I'm surprised there are people who have led such terrible lives in first-world nations. While my parents have been too hard at times and showed little love (I was not physically abused in any way) they are not too neglectful and uncaring.


I suppose all the terrible adults I see in the world had similar upbringing as Nikki. They really are effed up. Adolescence can F you up and that is the time when RIGHT support and coaching is needed.

WoW! I'm shocked at the wondering awe of there being teens experimenting with ^^all of the above listed actions/behaviors^^ due to the fact that these particular individuals make up quite a large percentage of the population as a whole. And no, a good majority of those young people who take part in these often times negative actions/behaviors did not come from "terrible lives" with terrible parents that were either/both abusive, neglectful, and/or uncaring.. much, much different is the fact that many of these young people have stable home lives with parents who very much do give a damn about their child/teen, yet still are faced with struggles due to their child's choices/decisions, actions/behaviors.

I certainly came from and was raised in a stable, two-parent household where both parents did nothing wrong, or neglectful in their raising me, nor did I ever believe I had parents who didn't care...just the opposite. Now, I did not suffer from any of the issues that are usually at the core, root of an individual who is found to be "cutting", or in other ways causing themselves actual physical harm.. but I absolutely did make poor choices in many of my actions/behaviors as a teen/college student. my parents did all the "right things"...I was always involved in extra curricular activities, raised in a good church, and attended a private school where I had a tight knit group of friends that I "grew up" with.

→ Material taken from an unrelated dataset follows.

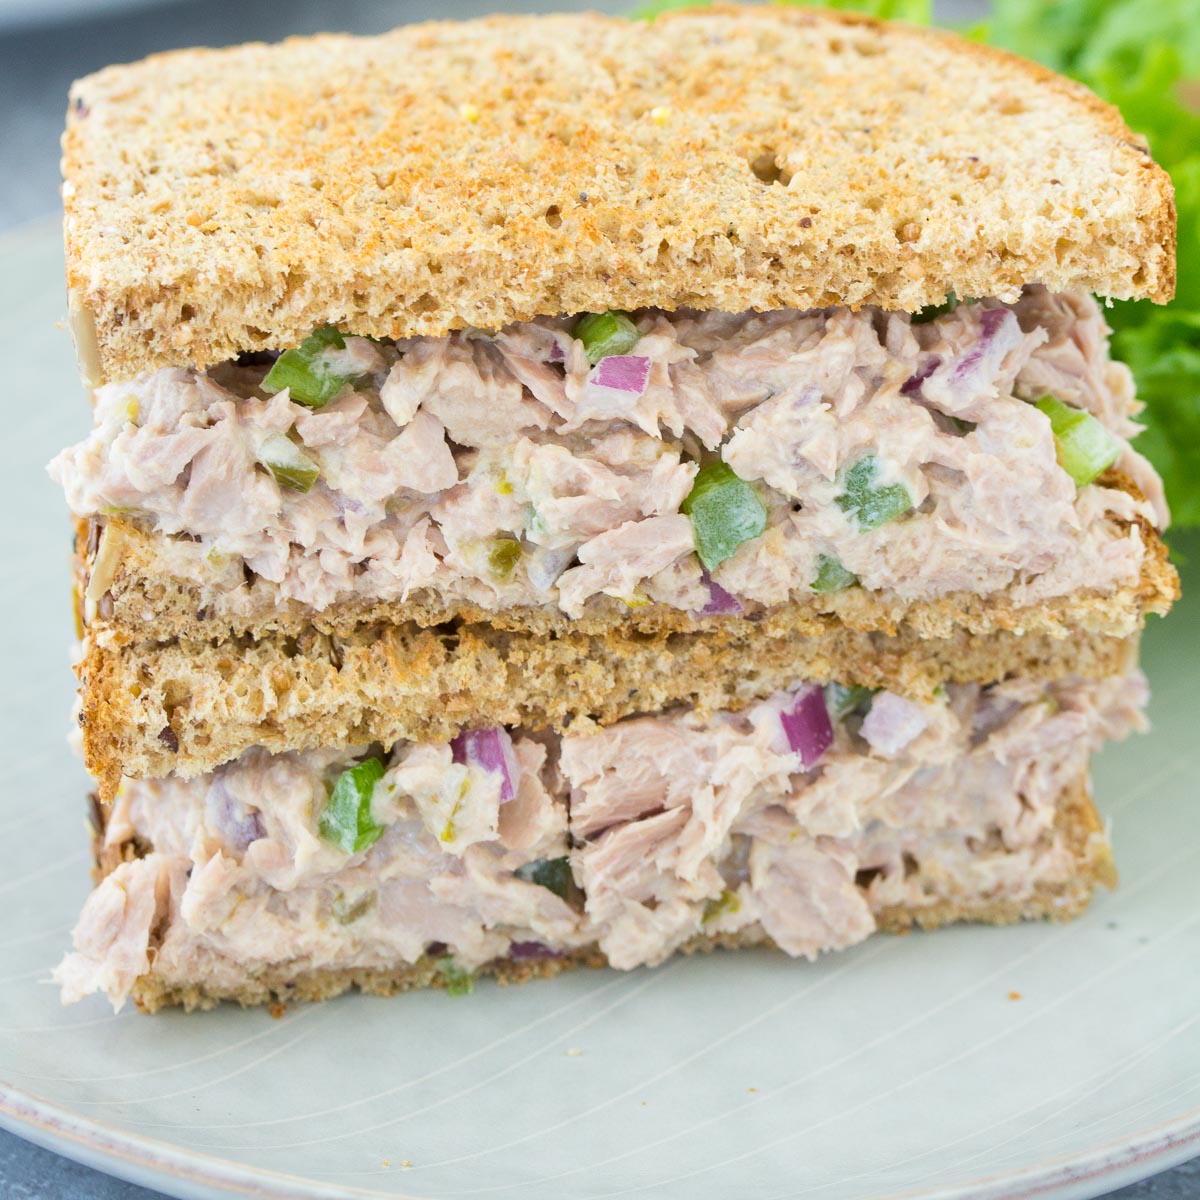 Tuna sandwiches. 80% mayonnaise.

Those tight knit, close friends were also raised quite similarly, yet, they too made their plenty, fair share of piss poor choices along the way just as I did..and I can say with certainty that we were far, far, far from being in the minority ratio of adolescents who rebeled, were wild, and/or experimented throughout our teen years... yet we went on to finish college, and lead productive lives with families of our own now. I guess its that personal knowledge and experience that has me speak with such certainty about teens negative actions/behaviors are NOT at all something unique, abnormal, or uncommon..infact the complete, polar opposite is fact, a large percentage of teens/young adults indulging in negative actions/behaviors is absolute commonplace..it was through the mid 90's when I went through those phases, and it still is commonplace here and now, in the present.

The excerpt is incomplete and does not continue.